DATA BLOCK

_ _ _ _

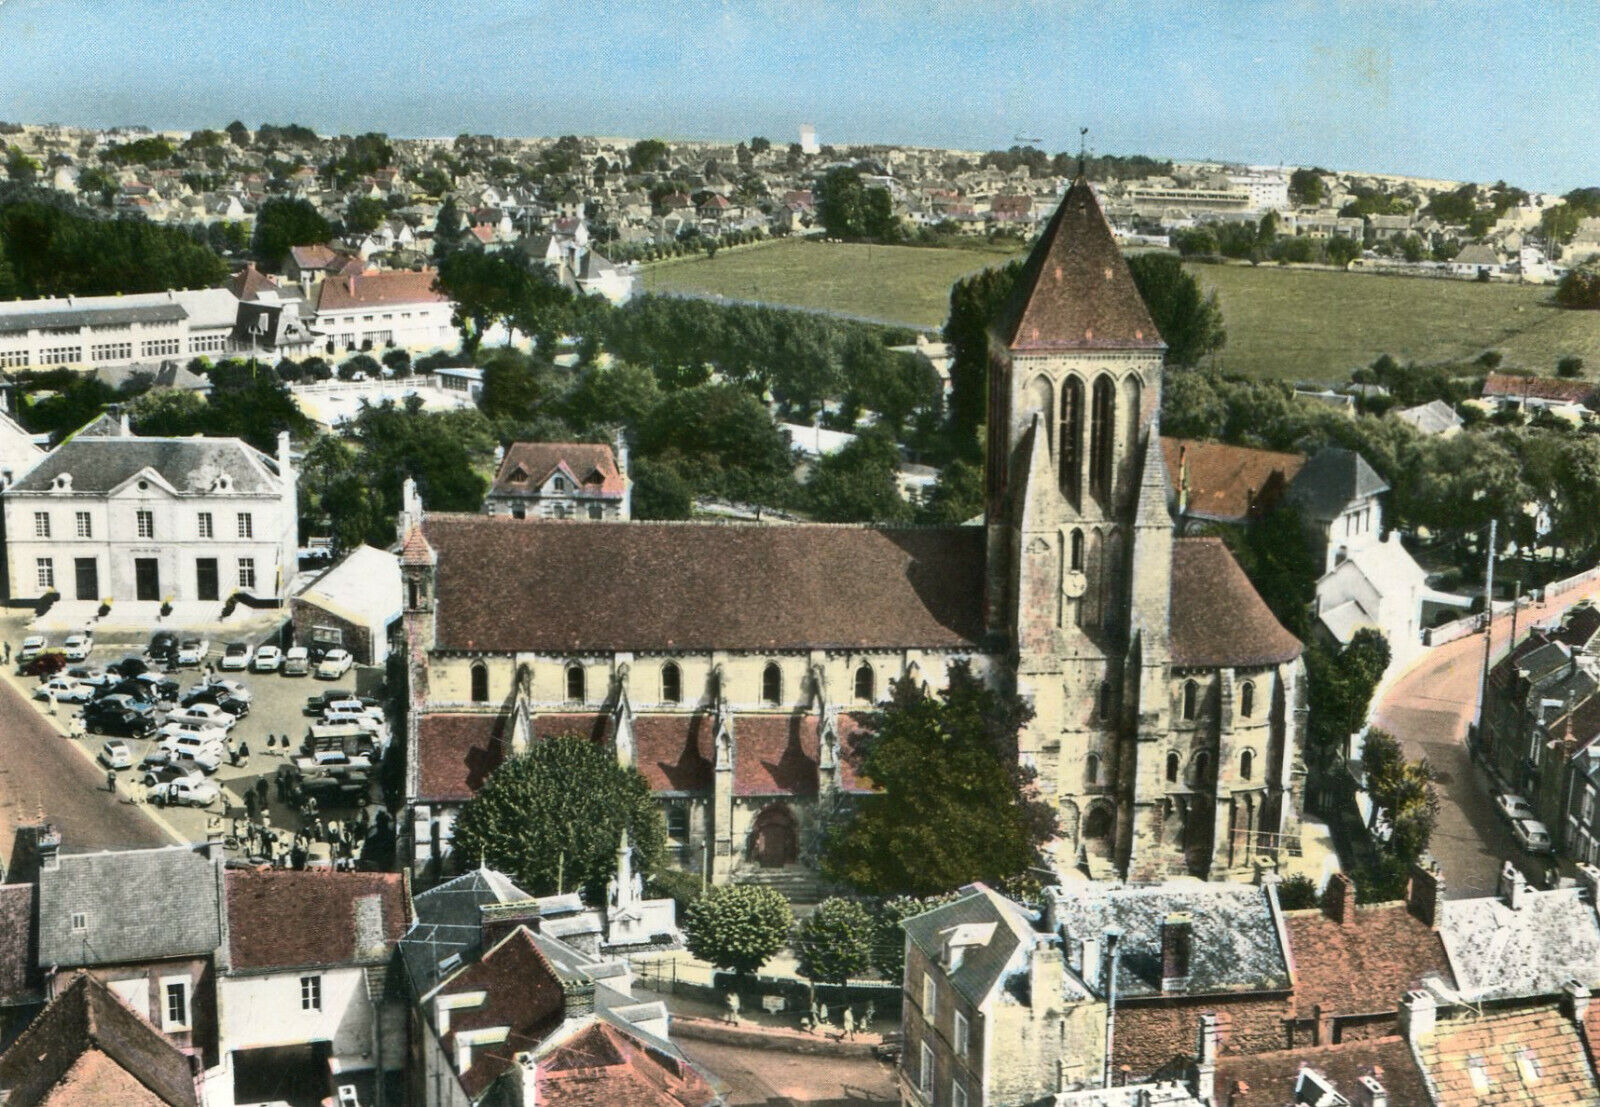 OUISTREHAM RIVA BELLA Map Aerial Panoramic View The Church
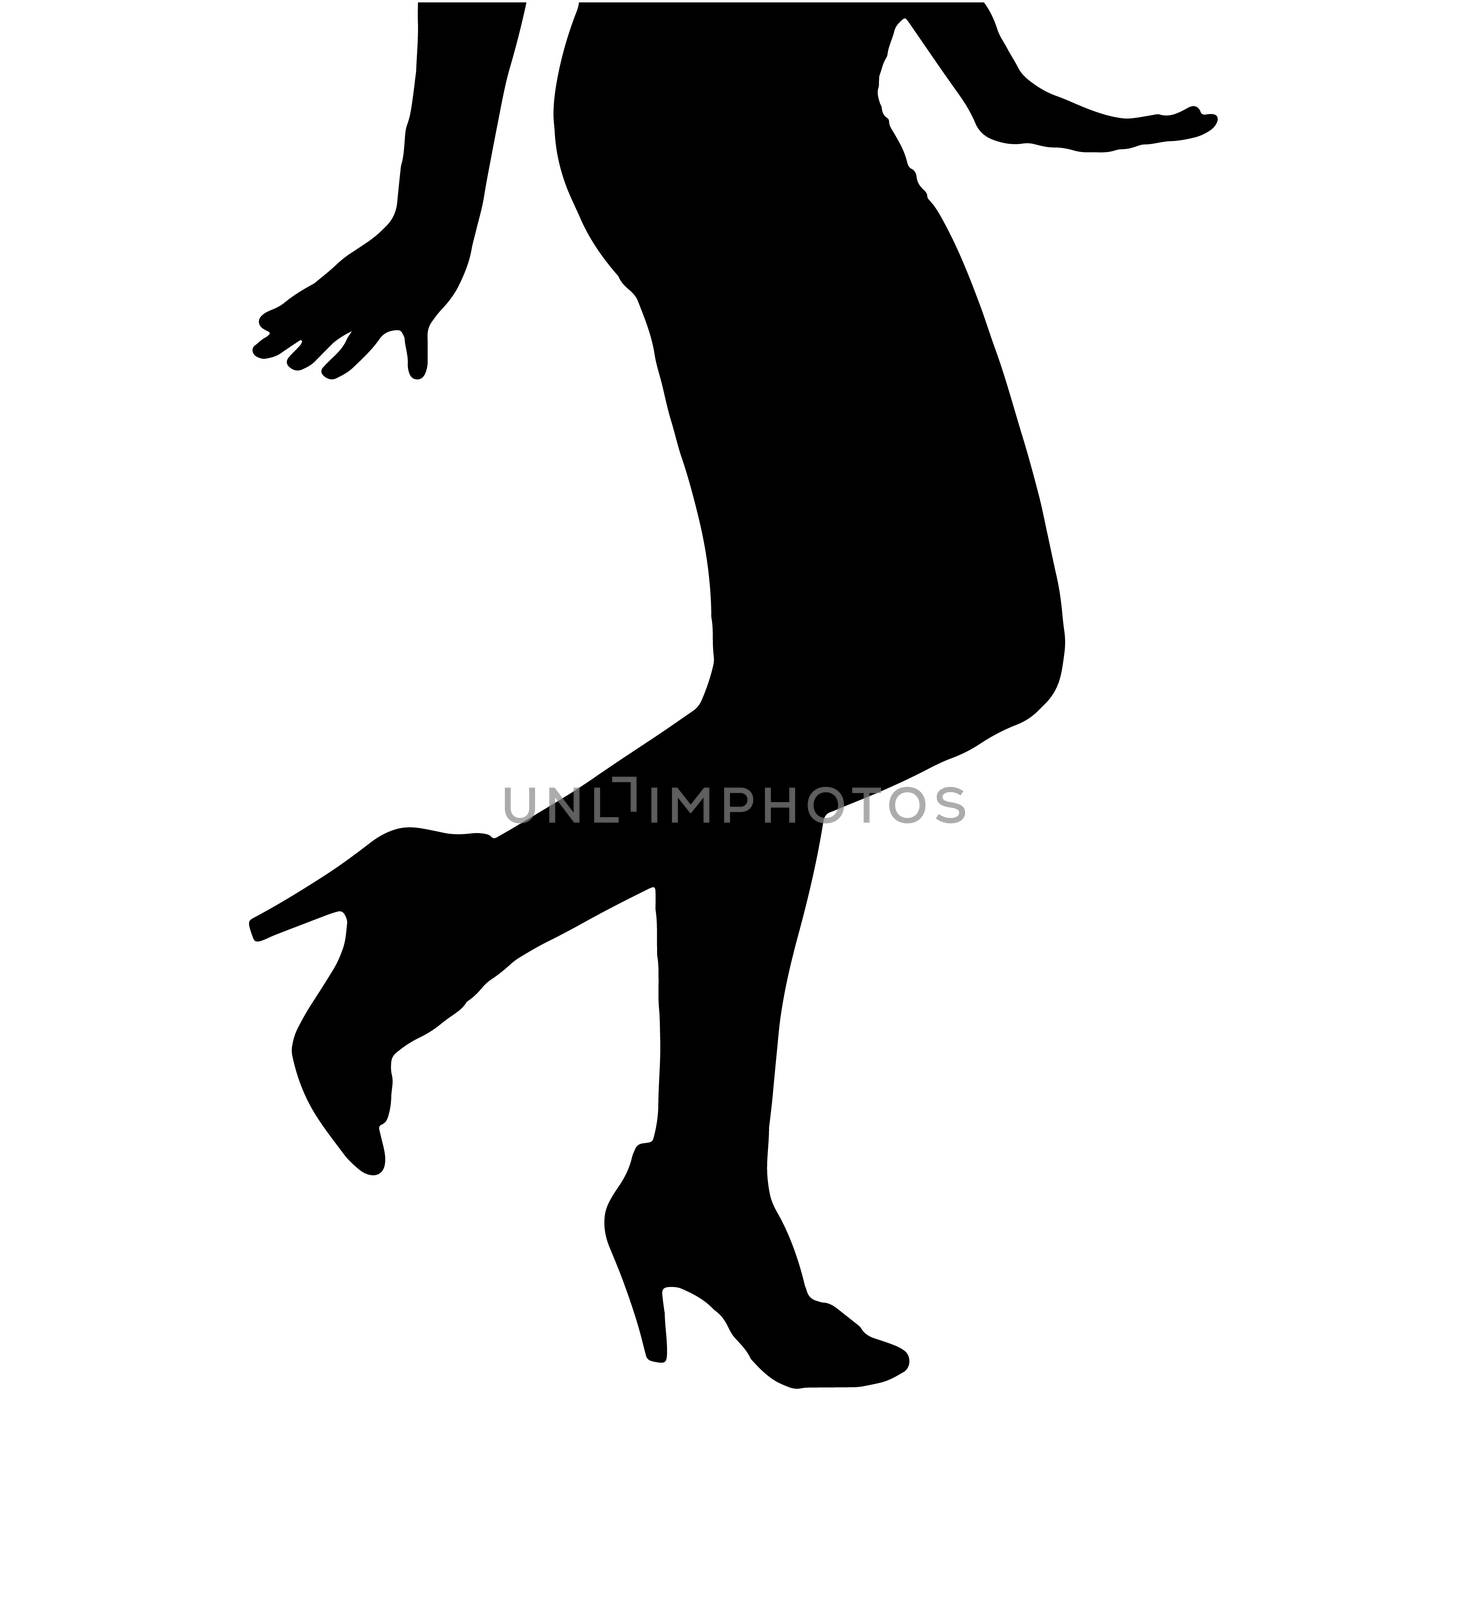 Beautiful Female Torso Perfect Shoes Dancing Joyfully by ChrisBoswell
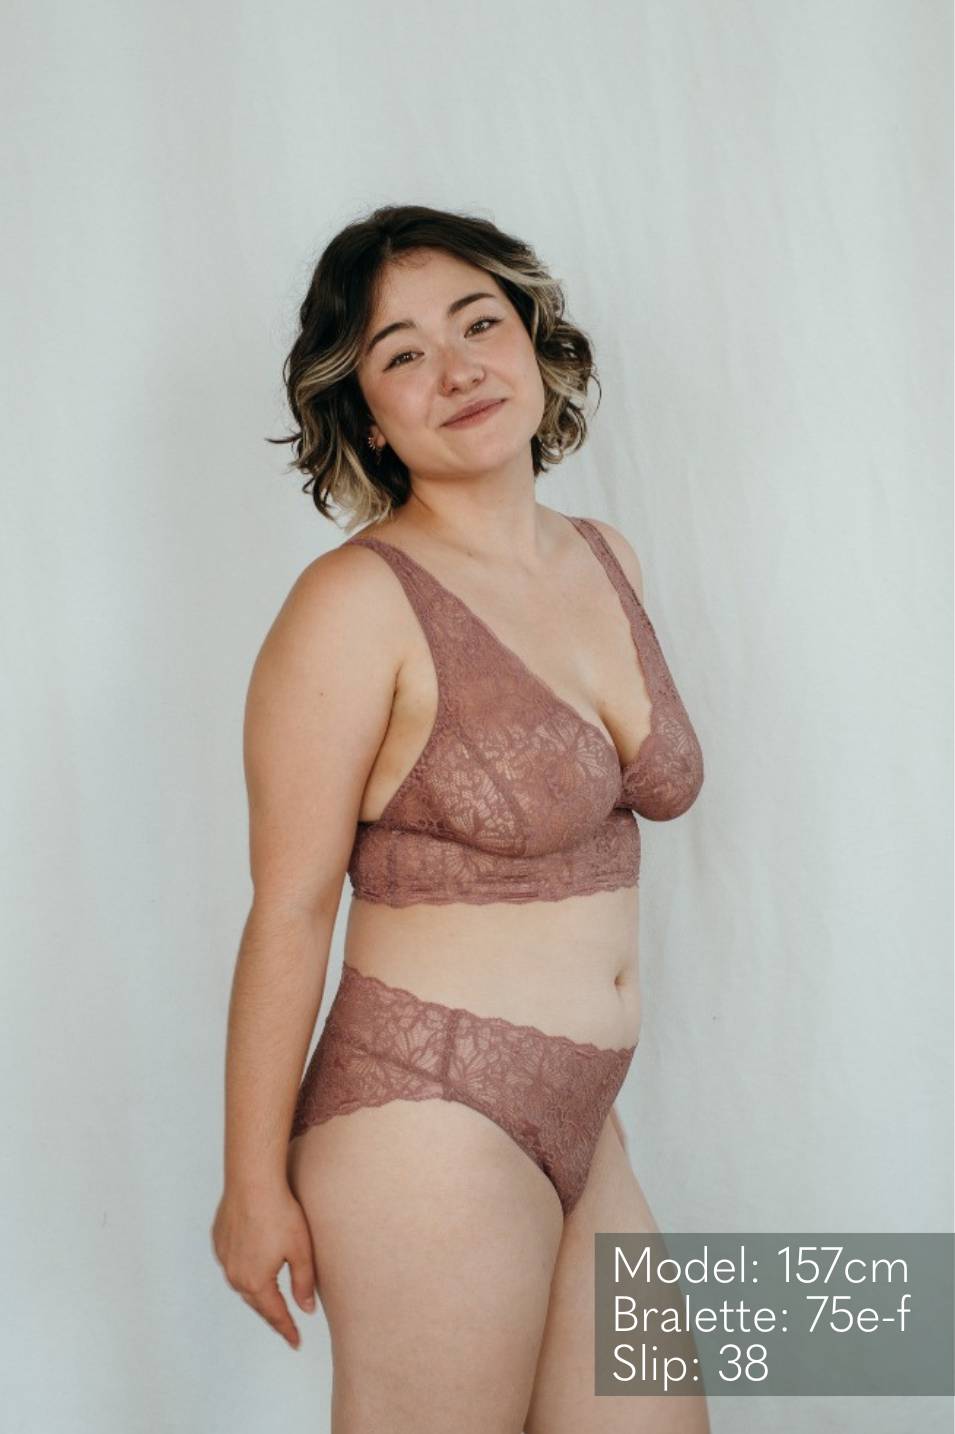 Finest lace in smockey rose on model, photographed from the side
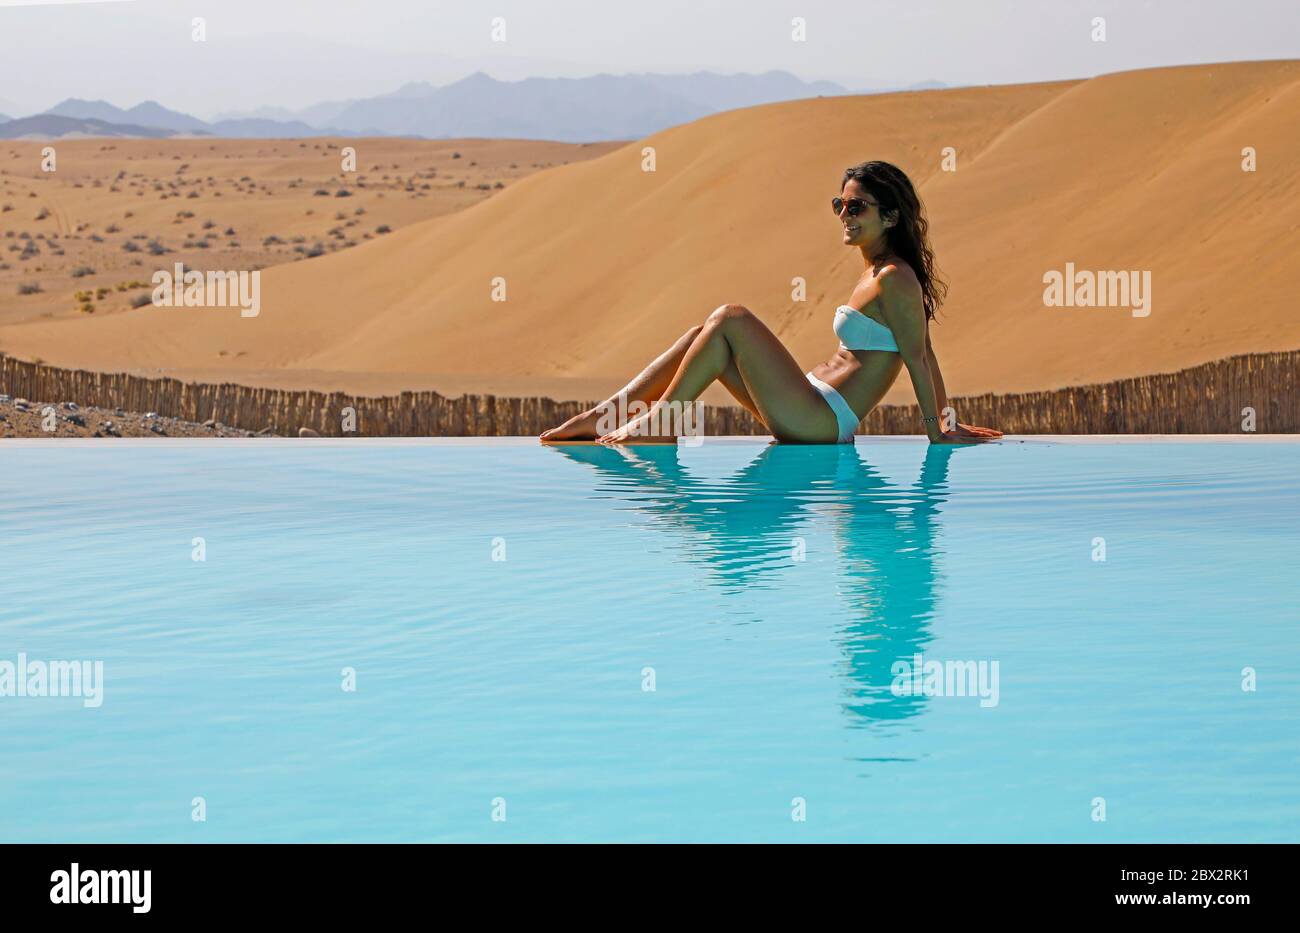 Oman sultanate, arabic peninsula, Dunes luxury tented hotel and resort located on sand dunes one hour from Mascate and airport, local beauty in swimming dress by the swimming pool Stock Photo

_ _ _ _

REQUIRED ACTION
Starting at the first line of the listing above, write out each line exactly and nothing else until you reach the line containing "Finest lace in", which is included as well; omit all pictures.

TASK RESULT
 OUISTREHAM RIVA BELLA Map Aerial Panoramic View The Church
 Beautiful Female Torso Perfect Shoes Dancing Joyfully by ChrisBoswell
 Finest lace in smockey rose on model, photographed from the side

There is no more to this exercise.